More to the point, Americans' growing reliance on payments from the government has pushed the transformation of American politics. Where once Democrats promised greater largesse and Republicans talked of a smaller, leaner state, now both major parties increasingly compete on visions of government that does things for people rather than getting out of the way of people doing for themselves. While they still constitute a minority, those dependent on the state are a growing proportion of the population and are receptive to politicians and programs that promise to keep the money flowing.
The EIG authors worry that growing reliance on transfer payments creates pressure for higher taxes that "could choke off the very economic activity that finances transfers." They're concerned the situation promotes stagnation as people come to value the security of regular checks over taking risks and building businesses that will create future prosperity.
At least as worrisome is that the cash flows create a client–patron relationship between Americans who receive government payments and the politicians who create and administer such programs. It's a relationship that empowers the political class by eroding the economic independence of the people over whom they wield authority.
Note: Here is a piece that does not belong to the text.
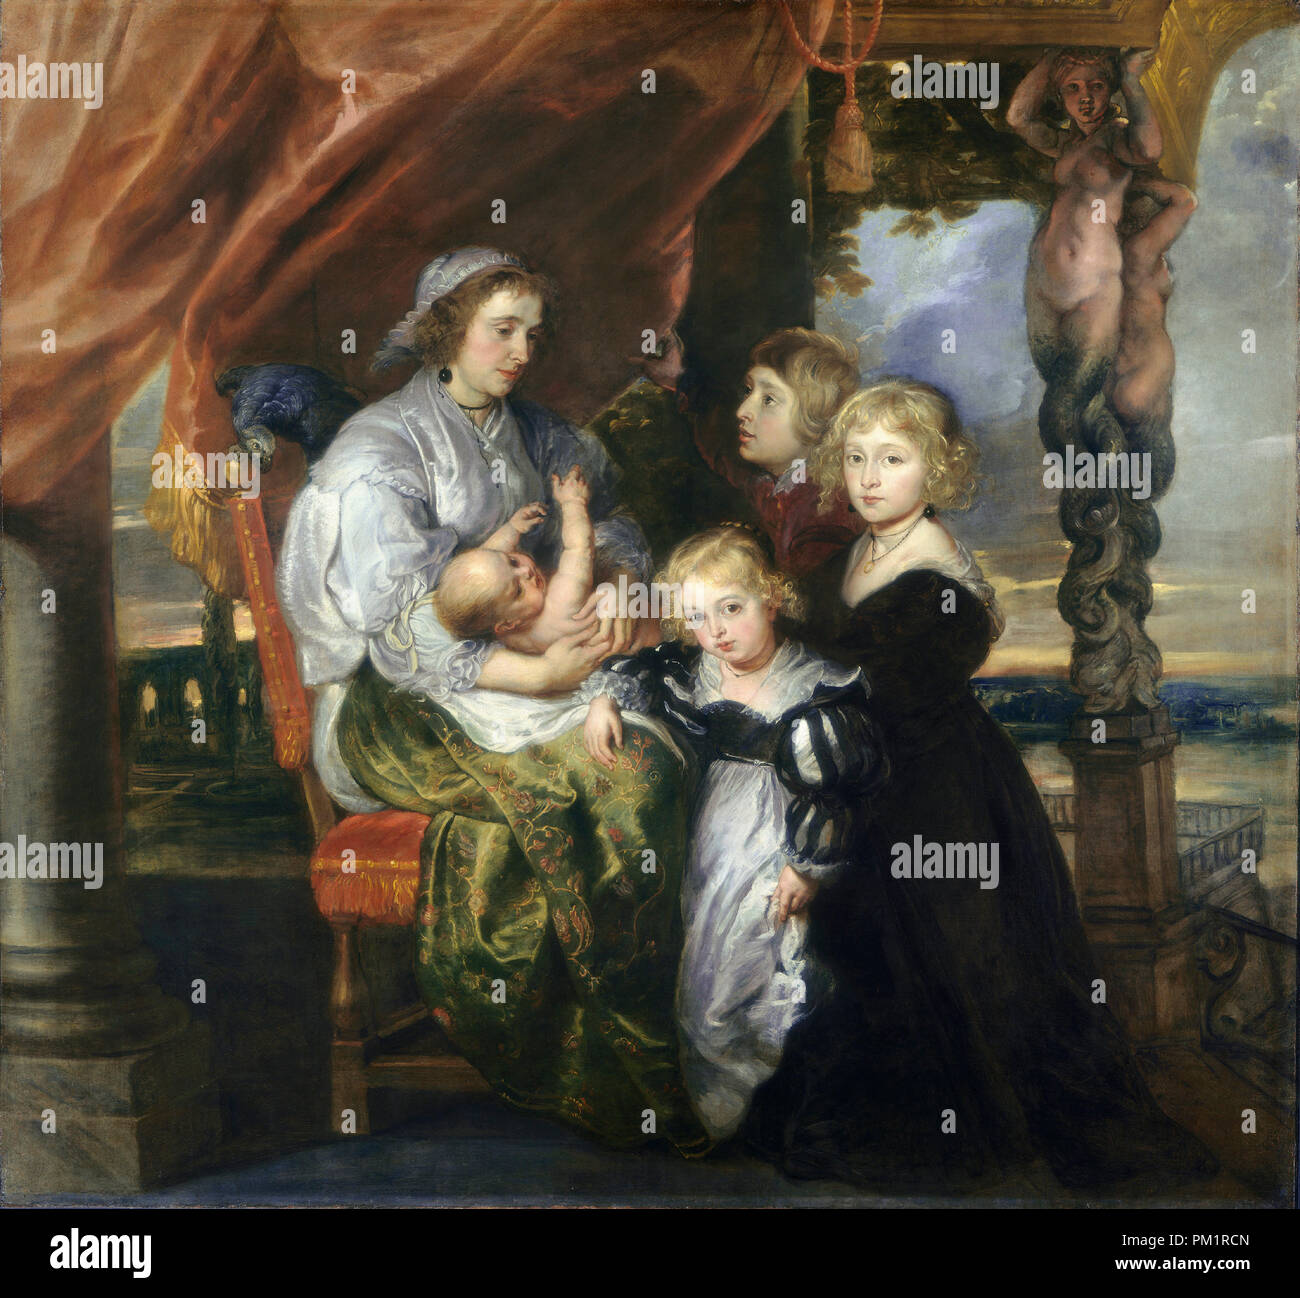 Deborah Kip, épouse de Sir Balthasar Gerbier, et ses enfants. En date du : 1629/1630, retravaillé probablement milieu années 1640. Dimensions : hors tout : 165,8 x 177,8 cm (65 1/4 x 70 in.) Encadré : 200,34 x 211,14 x 14,61 cm (78 7/8 x 83 1/8 x 5 3/4 in.). Médium : Huile sur toile. Musée : National Gallery of Art, Washington DC. Auteur : Sir Peter Paul Rubens (et peut-être Jacob Jordaens). Banque D'Images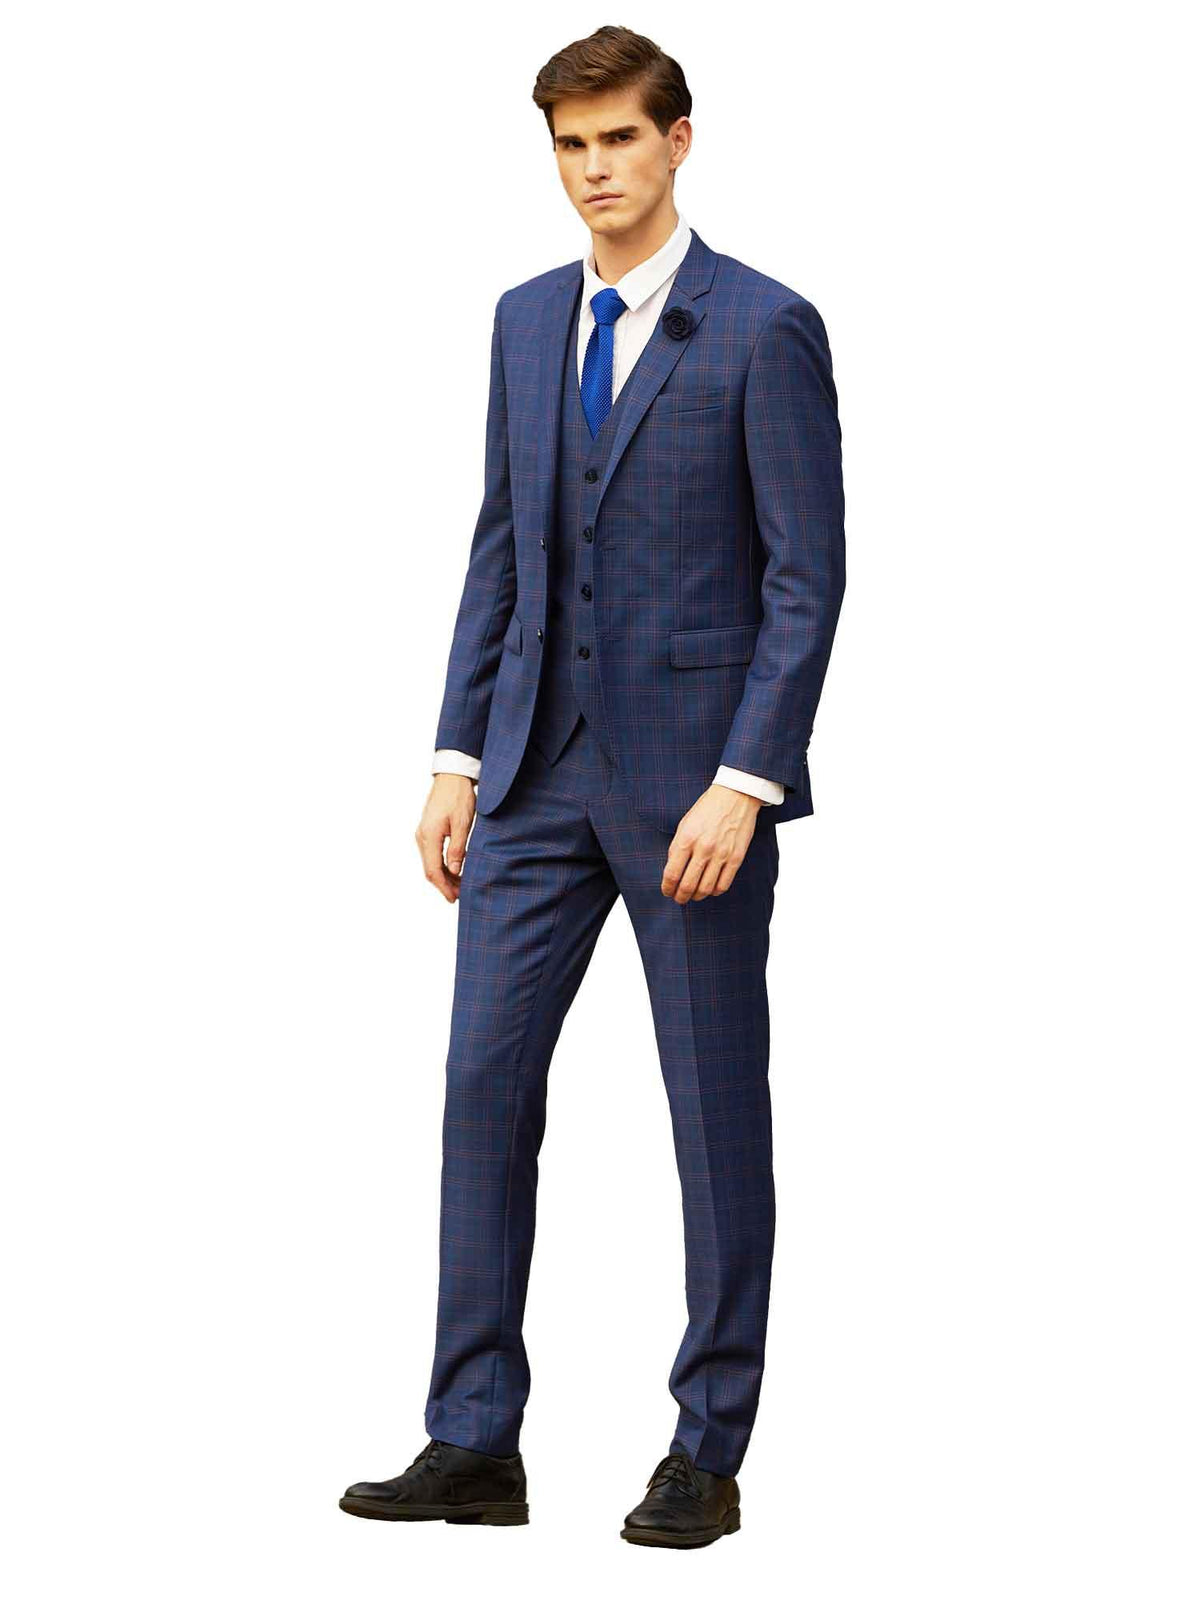 FW-5 Azure Abram Suit Jacket - Harrys for Menswear

It's difficult to say "no" to those on whom you depend for handouts, and it's not obvious that many office-seekers, or voters, want to alter that dynamic.
No Easy Fixes
To remedy what they highlight as a dangerous situation, the EIG authors favor tax hikes, entitlement reform, and "policies that foster economic dynamism and participation in the workforce." But they admit an aging population poses severe challenges. And their recipe for higher taxes and growth-oriented industrial policy sounds like a call for more big, activist government that got us here and that inevitably cultivates dependency among the population to win support and exert control.
For Americans to reassert independence, they'll have to want to cut reliance on government. Some certainly do, but it's not clear that it involves enough people to change the country's course.